Notley Changemaker Interview: Matt Stephenson

We talked to Matt Stephenson, CEO & Co-founder of Code2College, a nonprofit on a mission to dramatically increase the number of minority and low-income high school students who enter and excel in STEM undergraduate majors and careers.

Matt Stephenson has always had a mind for helping out. 

Co-founder of Austin-based nonprofit Code2College, Matt explains that Church and family are where he developed his passion for service. He spent a great deal of his childhood working in his hometown church and that has had an indelible mark on his life. 

“Friday nights I was involved in my youth group, Saturday mornings, I was routinely preparing food in my church’s soup kitchen, Saturday nights I would help my mom prepare breakfast for the church and on Sundays I recorded each service from the sound booth,” he says. 

A first generation Jamican-American and first-generation college-student, Matt found success in school through coding and the economic opportunities it provided him. Thanks to the spirit of service instilled in him from childhood, his coding experience sparked a question — "How can I bring these critical skill sets to high-potential, low-access students who look like me?"

Matt continued to consider how he might be able to leverage his own technical skills and realize his deep passion for service. He spent some time working in finance, but this seed of an idea, to serve others through a STEM education lens, inevitably inspired a career pivot.

“It was probably around eight years later when I was graduating from Wharton when I started to shift into the Education sector.”

Naturally, after business school, Matt became a High School math teacher at a Title I high school. He spent four years in public education — with two years as an Educator and two years in school finance — before co-founding Code2College in 2016 with his wife. 

Education is one of the most complex and crucial of our nations’ public services; nuanced integration is just one way that Matt’s perspective challenges the status-quo. Code2College has folded into the tapestry of schools in over 20 cities across the nation — reinforcing these equity-based ideas, all while helping students grow their own interest in STEM. 

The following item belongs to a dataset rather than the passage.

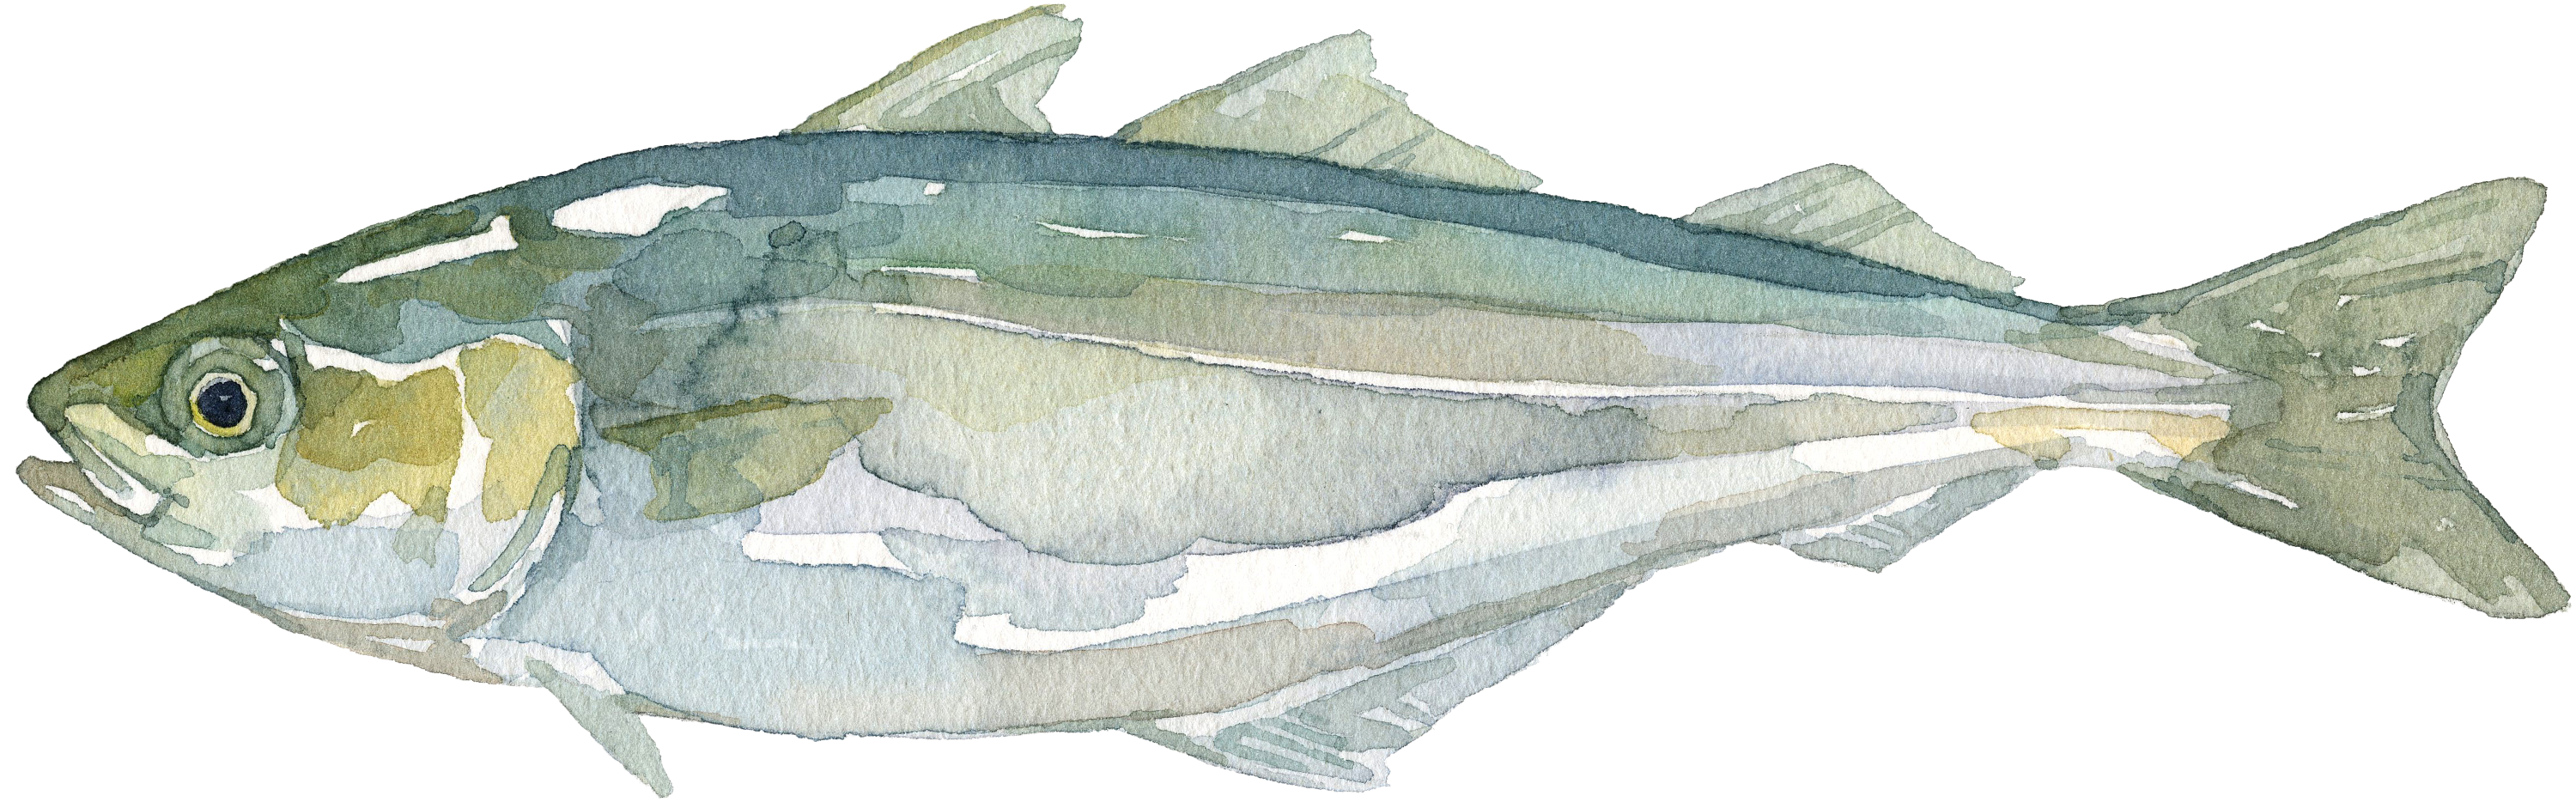 Illustration eines Seelachs

This isn’t the only form of curation provided to a Code2College student. Matt and his team have also been exploring approaches to describing their programs without deficit-based language. 

What is a deficit-based language? In education, it’s leading with a person’s disadvantages — AKA “at-risk”, “vulnerable”, “disenfranchised” — rather than their strengths, and without the proper context. 

Matt believes this can reinforce some problematic archetypes, particularly for students of color. Instead — he opts for strength-based language at Code2College, choosing to highlight the students’ abilities AND recognizing any systemic roots of their [disadvantages] in language and programming. 

Matt focuses on the students’ future trajectories and how they’ll view their own success. He asks, “How can we uplift [our students], what they're doing and how they're spending their time as opposed to focusing on the challenges that they will experience? You can absolutely talk about the challenges they'll experience and I do. But I do think that it’s troublesome to lead with that.”

We asked Matt how Code2College fits into a student’s education experience overall. “If there's a student who's taking computer science and they're like, ‘I want more, I need more. Give me [more]’; Code2College can offer rigorous technical education that isn’t otherwise offered in high school,” he says. “If a student is feeling reticent or feeling nervous about exploring coding, they can participate in Code2College and doing so means that after some success with us, that might compel them to pursue formal computer science education in school.”

Dedication from the Code2College team to achieving this type of equity, the kind that centers the student experience, has paid off.

Add to that, the fact that Code2College also places these high school students into paid, software engineering internships with global tech companies further accelerates their academic and career trajectories.